TLR2/4-mediated NF-κB Pathway Combined with the Histone Modification Regulates β-defensins and Interleukins Expression by Sodium Phenyl Butyrate in Porcine Intestinal Epithelial Cells

Overview

Journal Food Nutr Res

Specialty Nutritional Sciences

Date 2018 Dec 22

PMID 30574051

Citations 3

Authors

Xiujing Dou

Junlan Han

Qiuyuan Ma

Baojing Cheng

Anshan Shan

Nan Gao

Yu Yang

Affiliations

Soon will be listed here.

Abstract

Background: Host defense peptides (HDPs) possess direct antibacterial, antineoplastic, and immunomodulatory abilities, playing a vital role in innate immunity. Dietary-regulated HDP holds immense potential as a novel pathway for preventing infection.

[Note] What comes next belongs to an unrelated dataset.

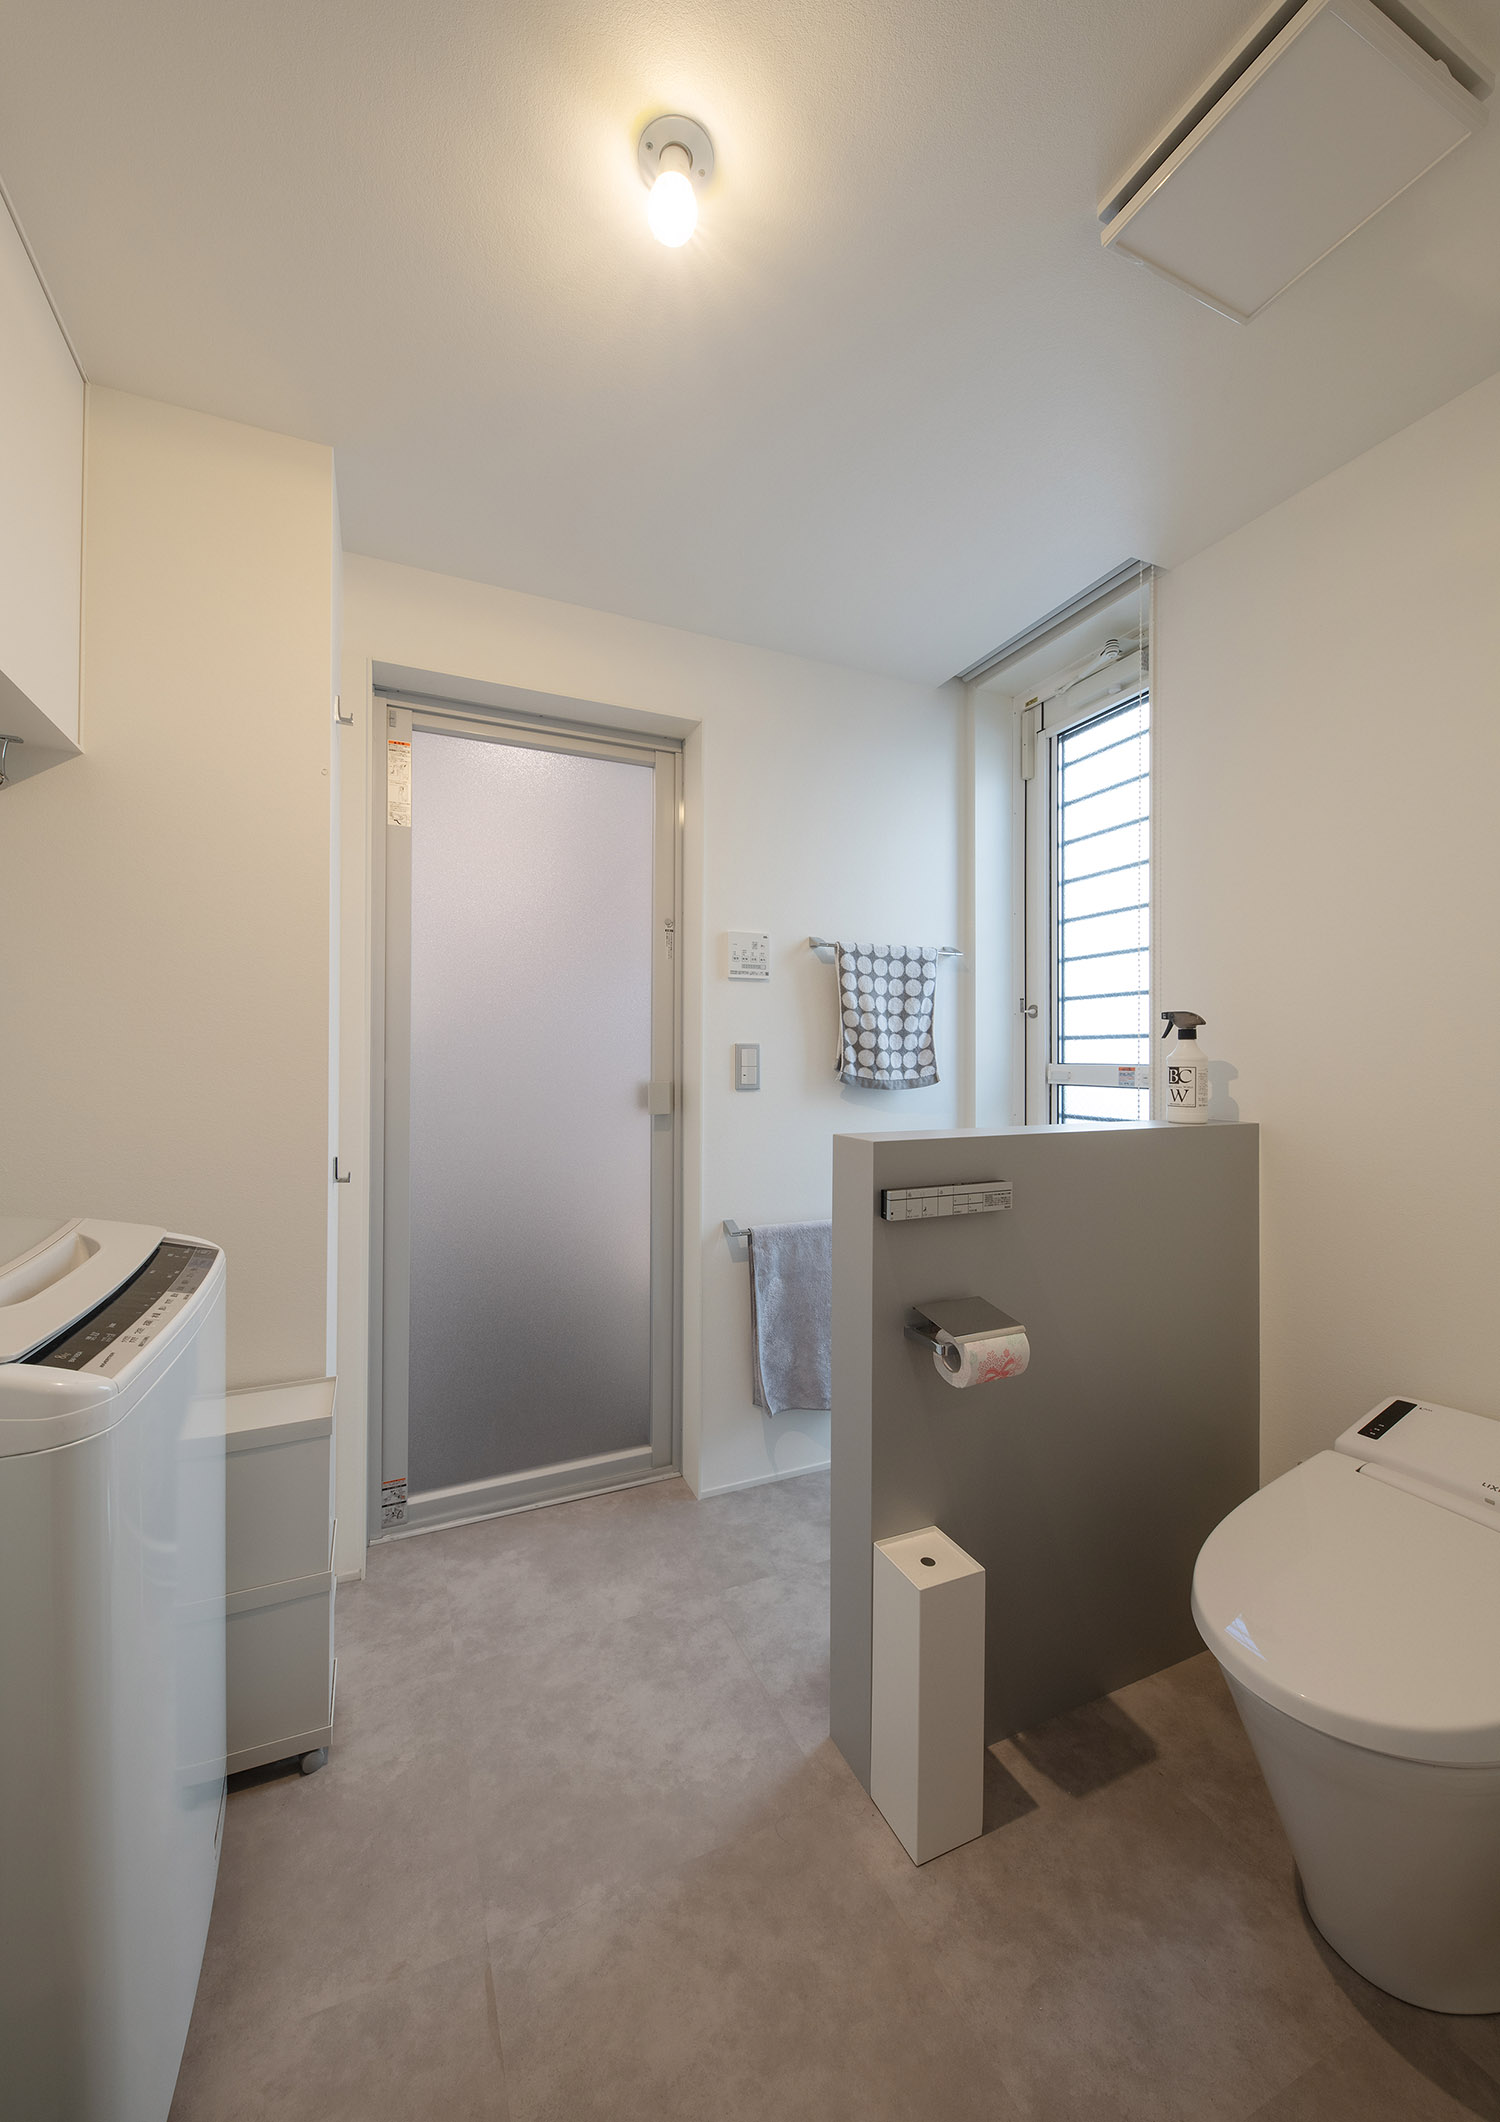 トイレと脱衣所が一体となった空間・デザイン住宅

Objective: In this study, we examined the regulation mechanism of HDPs (pEP2C, pBD-1, and pBD-3) and cytokines (IL-8 and IL-18) expression by sodium phenylbutyrate (PBA).

Design: The effects of PBA on HDP induction and the mechanism involved were studied in porcine intestinal epithelial cell lines (IPEC J2).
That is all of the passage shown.